Naming and monitoring
Each task has a name that is created using the “Borg name service” (BNS) and this name includes the cell name, job name, and task number. The 50th task in a job jfoo
owned by user ubar
in cell cc
would be reachable via the following address: 50.jfoo.ubar.cc.borg.google.com
.
Borg Architecture
A Borg cell consists of a set of machines, a logically centralized controller called the Borgmaster, and an agent process called the Borglet that runs on each machine in a cell.
Borgmaster
The Borgmaster consists of two processes: the main Borgmaster process and a separate scheduler. The main process handles client RPCs that either mutate state (e.g., create job
) or provide read-only access to data (e.g., lookup job
). It also manages state machines for all of the objects in the system (machines, tasks, allocs, etc.), communicates with Borglets, and offers a web UI as a backup to Sigma2.
The Borgmaster is replicated five times, and each replica maintains an in-memory copy of the state of the cell, along with a copy in a highly-available, distributed, Paxos-based store on the replica’s local disks.
Scheduling
When a job is submitted, the Borgmaster records it in the Paxos store and adds the job’s task to the pending
queue. The scheduler scans this queue asynchronously and assigns tasks to machines if there are enough available resources meeting the job’s constraints. The scan is done from high to low, priority, modulated by a round-robin scheme within a priority to ensure fairness.
Borglet
The local Borg agent present on every machine in a cell is called Borglet. Its responsibilities include: starting and stopping tasks; restarting them if they fail; managing local resources by manipulating OS kernel settings; rolling over debug logs; and reporting the state of the machine to the Borgmaster and other monitoring systems.
To avoid the herding effect in case of failure, the Borgmaster controls the rate of communication with the Borglets. It polls the Borglets every few seconds to retrieve the machine’s current state and send any outstanding requests.
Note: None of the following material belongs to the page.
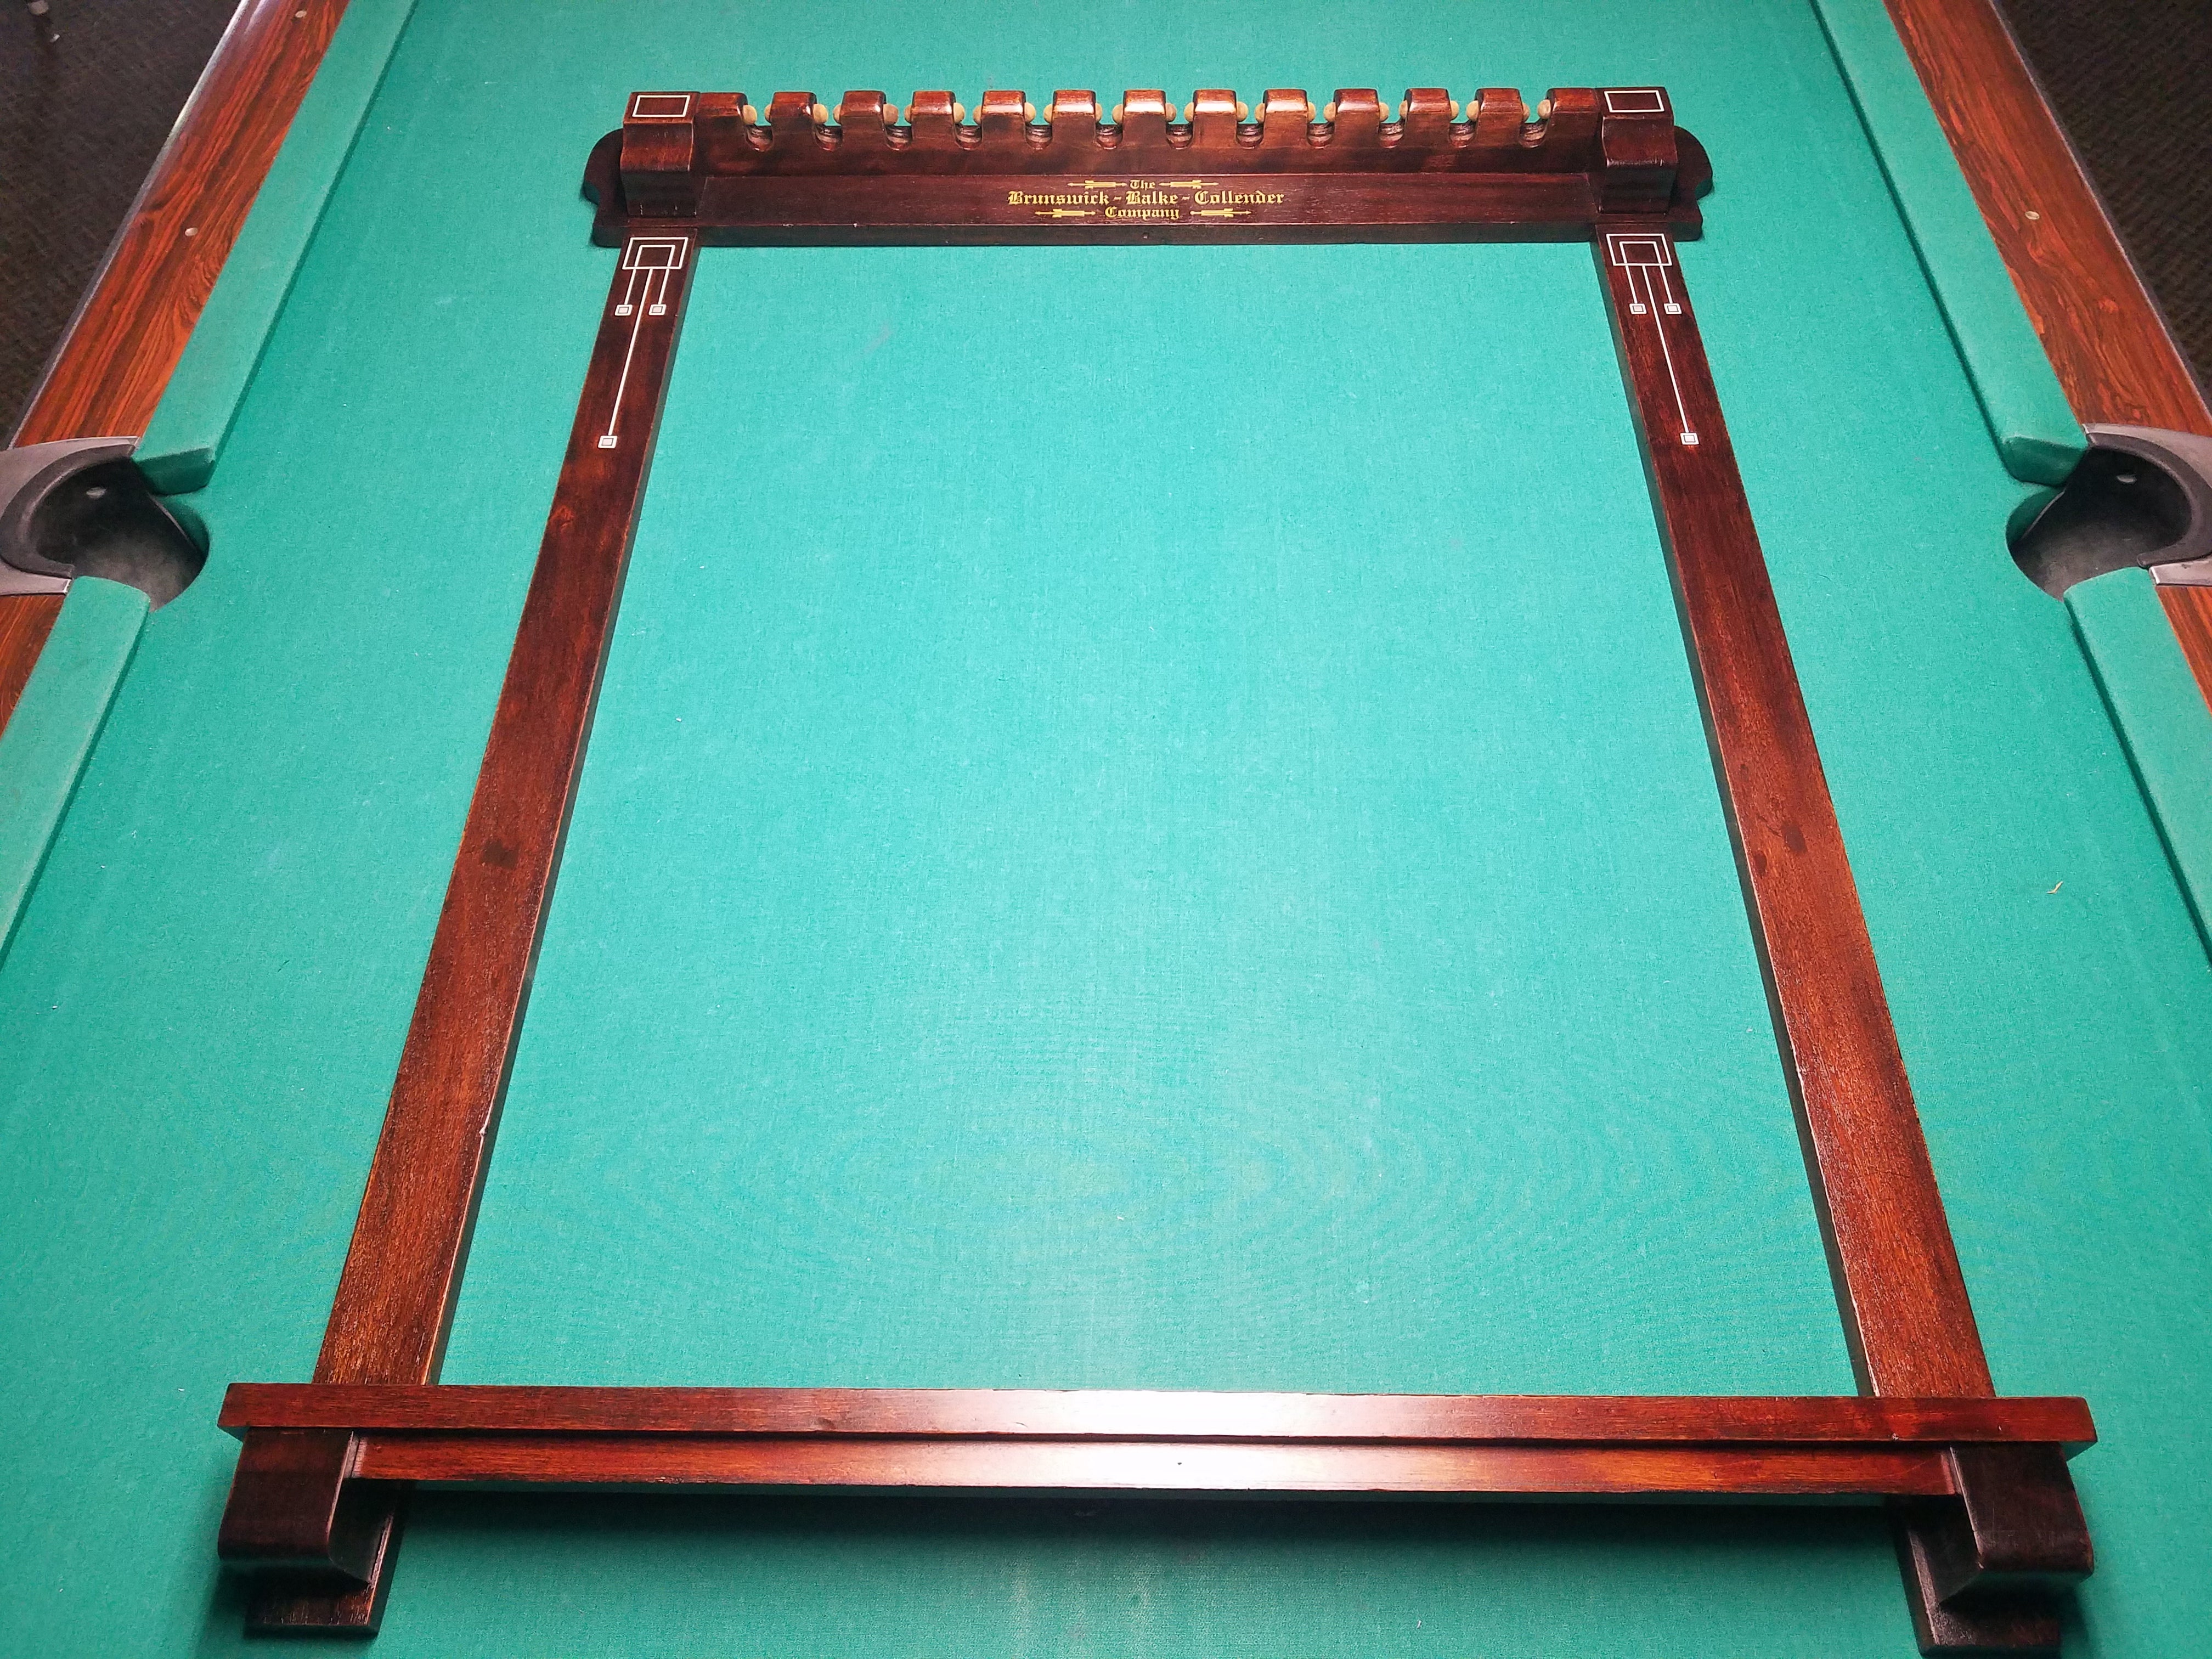 Historic Cue rack from Cochrans Billiards

A Borglet is considered as down
if it does not respond to several poll messages. In this case, its tasks will be rescheduled on other machines and once communication is restored, the Borgmaster will tell the Borglet to kill the tasks that have been rescheduled, avoiding duplicates. If contact with a Borgmaster is lost, the Borglet continues normal operation, which means the currently-running tasks and services will remain up even if all Borgmaster replicas fail.
Availability
To provide availability Borg employs several steps, including:
- automatically rescheduling evicted tasks, on a new machine if necessary;
- reducing correlated failures by spreading tasks of a job across different failure domains (machines, racks, and power domains);
- limiting the allowed rate of task disruptions and the number of tasks from a job that can be simultaneously down during maintenance activities such as OS or machine upgrades;
- using declarative desired-state representations and idempotent mutating operations, so that a failed client can harmlessly resubmit any forgotten requests;
- rate-limiting finding new places for tasks from machines that become unreachable, because it cannot distinguish large-machine failure from a network partition;
- avoiding repeating
task::machine
pairings that cause tasks or machines crashes;
Borgmaster uses a combination of techniques that enable it to achieve 99.99% availability in practice: replication for machine failures; admission control to avoid overload; and deploying instances using simple, low-level tools to minimize external dependencies. Each cell is independent of the others to minimize the chance of correlated operator errors and failure propagation. These goals, not scalability limitations, are the primary argument against larger cells.
References
- [1] A. Verma, L. Pedrosa, M. Korupolu, D. Oppenheimer, E. Tune, and J. Wilkes, Large-scale cluster management at Google with Borg, presented at the EuroSys ’15: Proceedings of the Tenth European Conference on Computer Systems, New York, New York, USA, 2015, pp. 18–17.